RFR: 8359947: GenShen: use smaller TLABs by default

Wed Jun 18 16:32:08 UTC 2025

We have found with certain workloads that the initial and maximum tlab sizes result in very high latencies for the first few invocations of particular methods for certain threads.  The root cause is that TLABs are too large.  This is causing allocatable memory to be depleted too quickly.  When large numbers of threads are trying to startup at the same time, some of the threads end up with no TLABs or very small TLABs and their efforts run hundreds of times slower than the threads that were able to grab very large TLABs.

This PR reduces the maximum TLAB size and adjusts the initial TLAB size in order to reduce the impact of this problem.

This PR also changes the value of TLABAllocationWeight from 90 to 35 when we are running in generational mode.  35 is the default value used for G1 GC, which is also generational.  The default value of 90 was established years ago for non-generational Shenandoah because it tends to have less frequent GC cycles than generational collectors.

We have exercised this PR with three different workloads, which we identify as small, medium, and huge.  We have also exercised in two different configurations: with and without 30s warmup before latency measurements are taken.  Finally, we have applied this PR to both tip and to a development branch identified as adaptive-evac-with-surge.

The initial motivation for this PR was identified during testing of the adaptive-evac-with-surge branch.  That branch runs more aggressive GCs (larger evacuation workloads, with delayed (slightly more risky) triggers.  The objectives of this branch are to make GCs more efficient and to reduce CPU consumption.

We report 6 results for each experiment.  We sort these according to P100 latencies, and average results from the bottom four (best performing) samples, tossing out the two high outliers from the averages.  Workload results are subject to noise from elastic computing and operating system interference.

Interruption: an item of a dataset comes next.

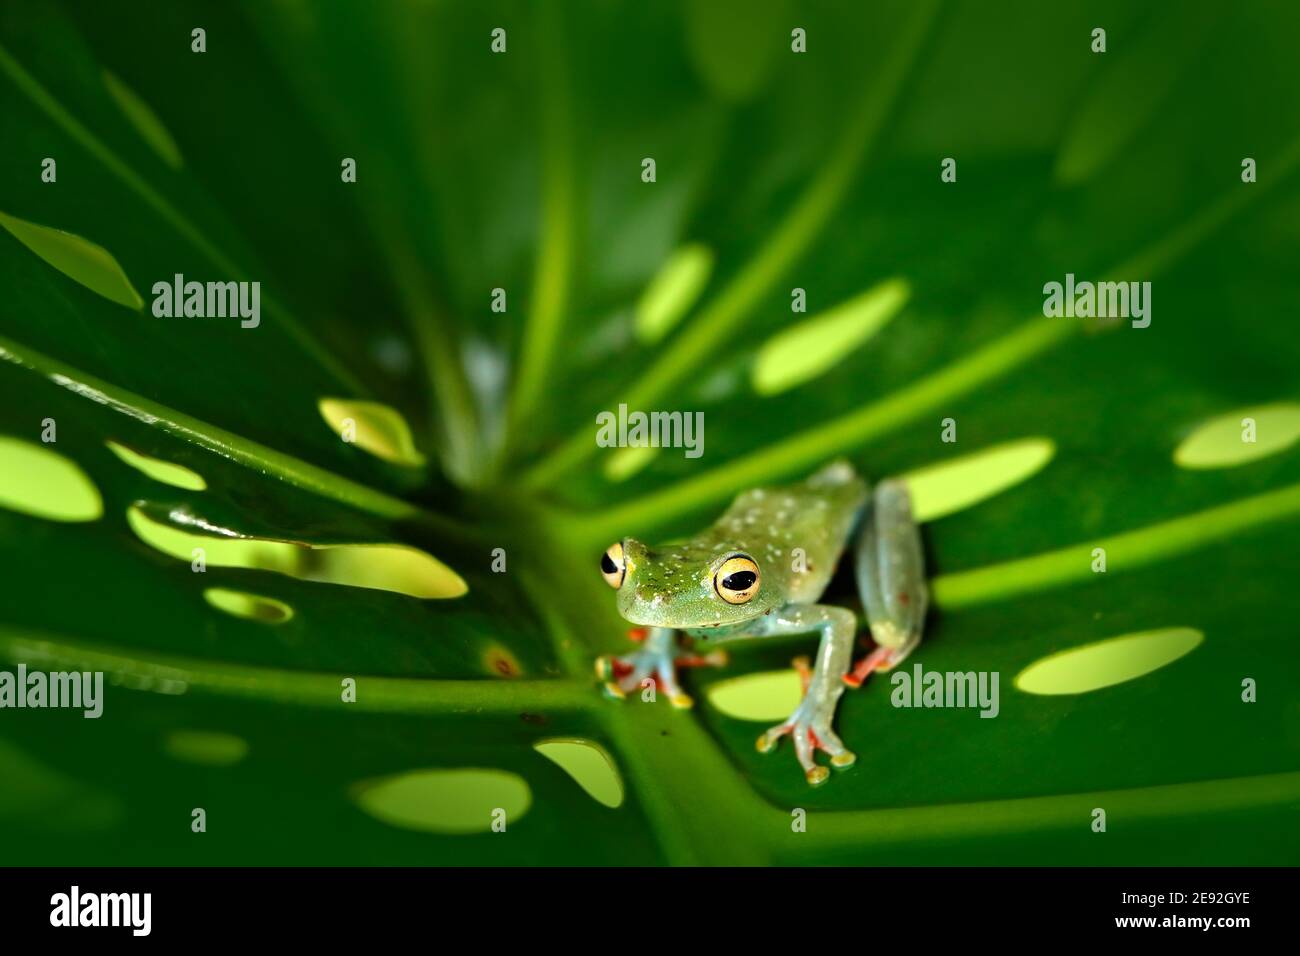 Tropical nature in forest. Olive Tree Frog, Scinax elaeochroa, sitting on big green leaf. Frog with big eye. Night behavior in Costa Rica. Stock Photo

The benefits of this PR are most notable with the p99.999 and p100 small configuration of adaptive-evac-with-surge and the huge configuration of tip: 

![image](https://github.com/user-attachments/assets/def49a3c-4142-48f7-a946-33527e6985d0)

![image](https://github.com/user-attachments/assets/b0df27b3-f7b0-4fd2-82c3-ac84b0ad380e)

![image](https://github.com/user-attachments/assets/471c1292-96dc-46c1-9bcc-b851be07867d)

Note also the degradation in p50 and other lower percentile latencies.  The effect of this PR is to require each mutator thread to make more frequent allocation of smaller TLABs.  This results in higher contention for Shenandoah's global heap lock.  A separate development effort is refactoring the slow allocation path to use a single CAS for the large majority of TLAB allocations rather than the current mechanism, which requires each TLAB allocation to contend for exclusive access to the global heap lock, then hold the global heap lock during the search for memory to be allocated.  We expect this other mechanism will improve all latencies, and should reduce or eliminate the performance regressions introduced at certain percentiles by this PR.

For full context, other performance comparisons are also provided here.  In the following reports, it is usually the case that the affect of this PR is to reduce the total number of GCs and to reduce the CPU utilization.  Depending on the experiment, low percentile or high percentile response times improve.  We attribute these differences to contention for global heap lock.  We observe also that sometimes warming up an experiment for 30 seconds before beginning to measure latency has a similar effect to improving the initial TLAB size,  as the pre-existing shared heuristics for adaptive TLAB sizing seem to converge fairly quickly on improved behavior, at least for this workload which is fairly consistent.  A more variable workload may struggle more to find the optimal TLAB size.  For such workloads, having smaller default TLAB sizes seems to reduce the likelihood of occasional serious performance degradation.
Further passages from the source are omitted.